Karl Rove, Dick Cheney, Saddam Hussein and 9/11

Rove explains Cheney's 1994 view that overthrowing Saddam wouldn't be worth "very many" American lives.

Published August 20, 2007 10:57AM (EDT)

The Office of the Vice President may not have much to say about that 1994 videotape in which Dick Cheney explains that overthrowing Saddam Hussein isn't worth the lives of "very many" American soldiers. But asked about the tape on "Meet the Press" Sunday, Karl Rove had all sorts of things to say about it. Well, actually, just one thing: 9/11.

Cheney "was describing the conditions in 1994," Rove explained. "By 2003, the world had changed. It changed on 9/11, and it became clear -- it should be clear to every American that we live in a dangerous world where we cannot let emerging threats fully materialize in attacks on our homeland."

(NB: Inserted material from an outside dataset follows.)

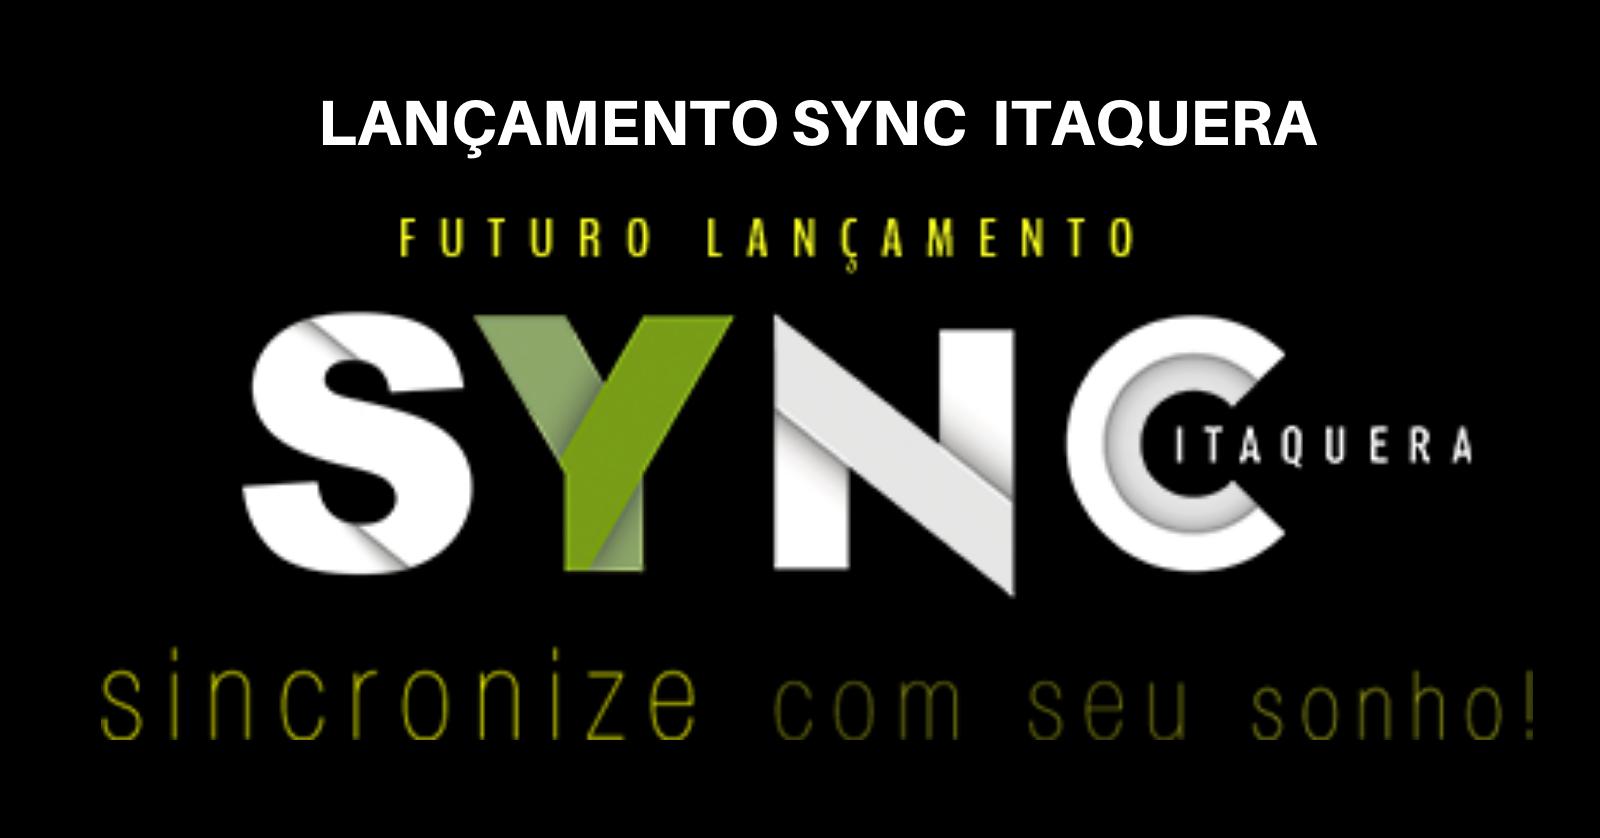 SYNC ITAQUERA

Now, that might have become clear to at least one American on Aug. 6, 2001, when Rove's boss received -- and ignored -- the memo entitled "Bin Laden Determined to Strike in U.S." But we digress.

"Look, there, there are all kinds of contingencies that are discussed and evaluated and planned for and thought about," Rove continued Sunday. "But look, the world changed. Again, I repeat, it is fine to have a 1994 mindset in 1994. It is no longer acceptable to have a 1994 mindset after Sept. 11. America needs to think and act differently. We face a brutal enemy who will kill the innocent for one purpose and that is to gain control of the Middle East and to use the leverage of oil to bring down the West, and to attack us again."

Yes, and if we'd stayed focused on that enemy after 9/11 -- if we hadn't started a war against someone else entirely -- America, Iraq and the political legacy Rove is working so hard to salvage would all be a lot safer today.

By Tim Grieve

Tim Grieve is a senior writer and the author of Salon's War Room blog.